Information provided —
+ + + +

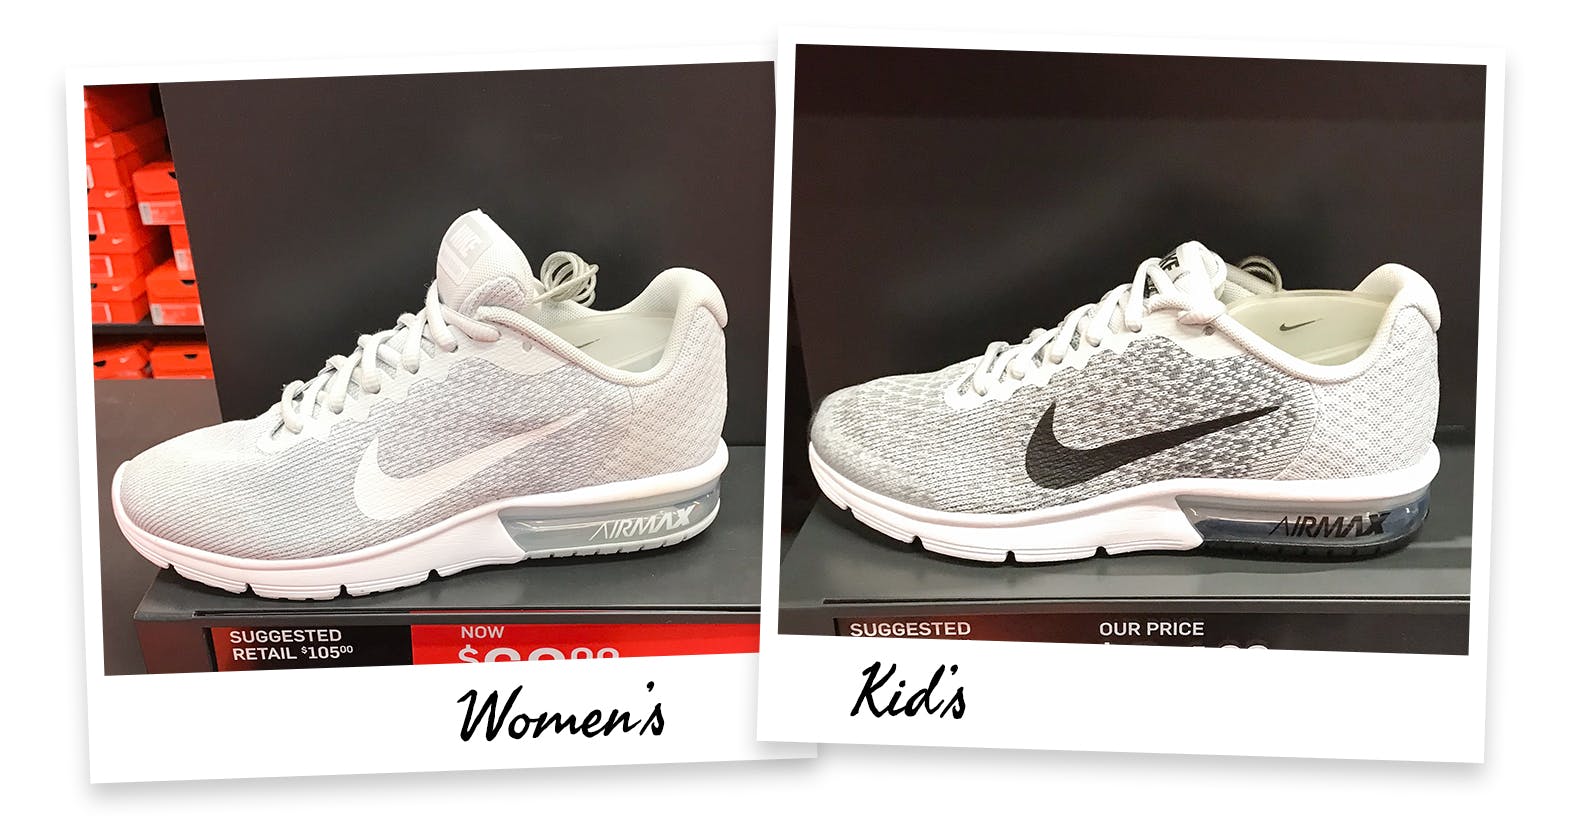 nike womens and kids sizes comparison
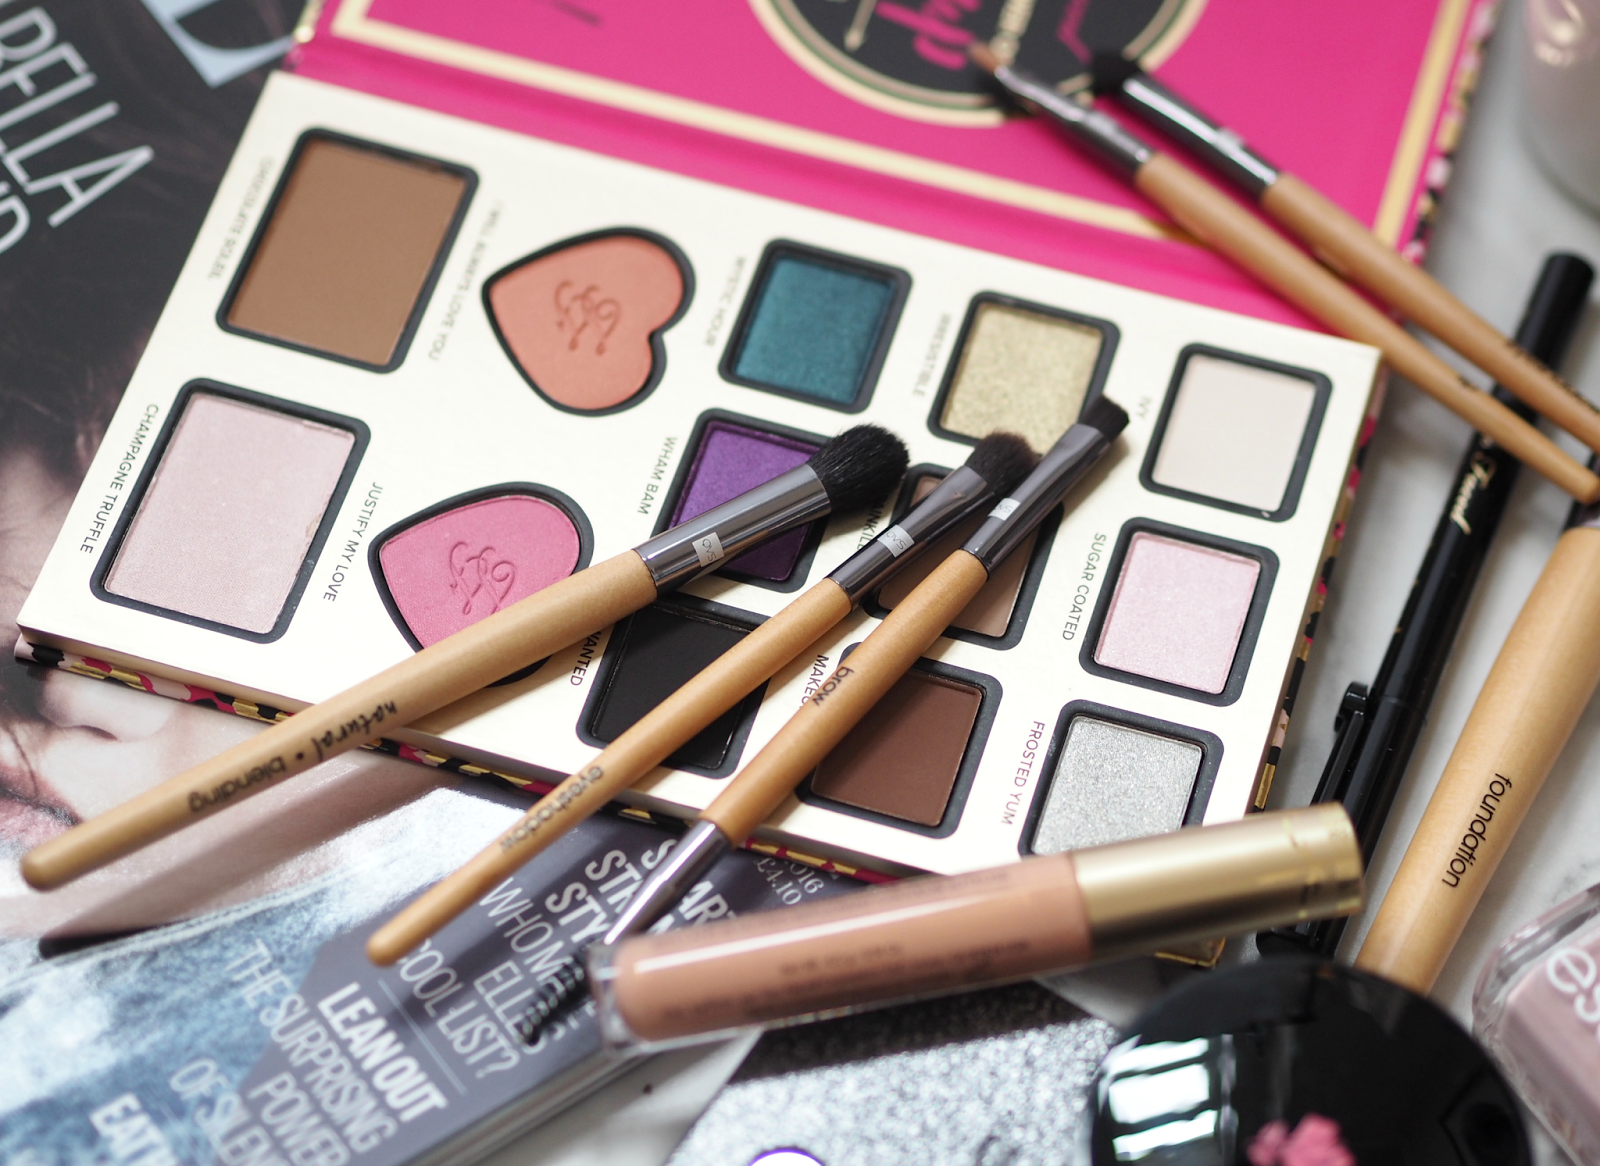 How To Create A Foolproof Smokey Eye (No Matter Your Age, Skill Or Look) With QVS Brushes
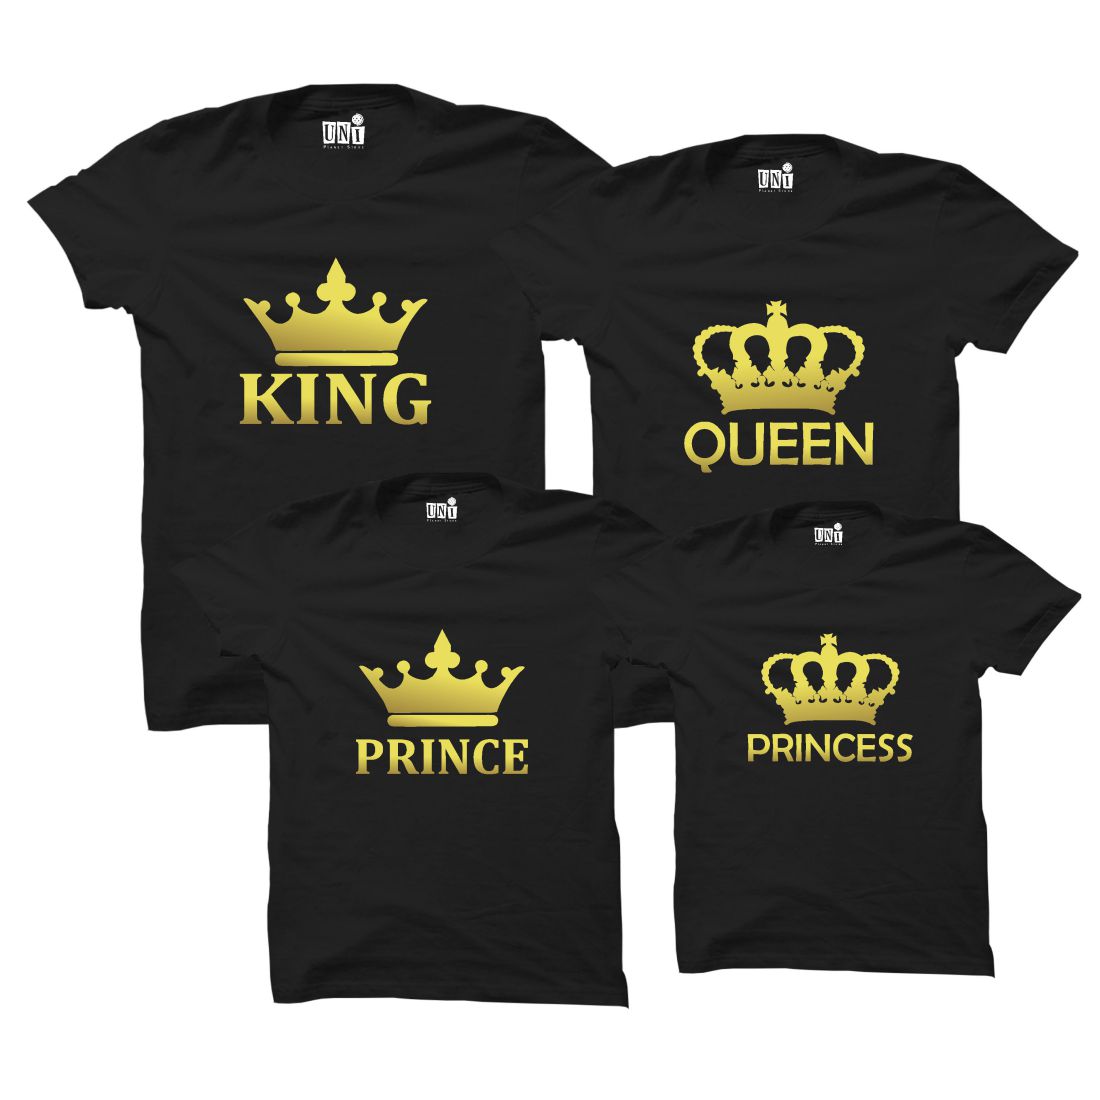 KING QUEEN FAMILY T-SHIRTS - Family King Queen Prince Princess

+ + + +

Exercise requirements — An exact reproduction of the material is needed, without its images.

Task answer —
 nike womens and kids sizes comparison
 How To Create A Foolproof Smokey Eye (No Matter Your Age, Skill Or Look) With QVS Brushes
 KING QUEEN FAMILY T-SHIRTS - Family King Queen Prince Princess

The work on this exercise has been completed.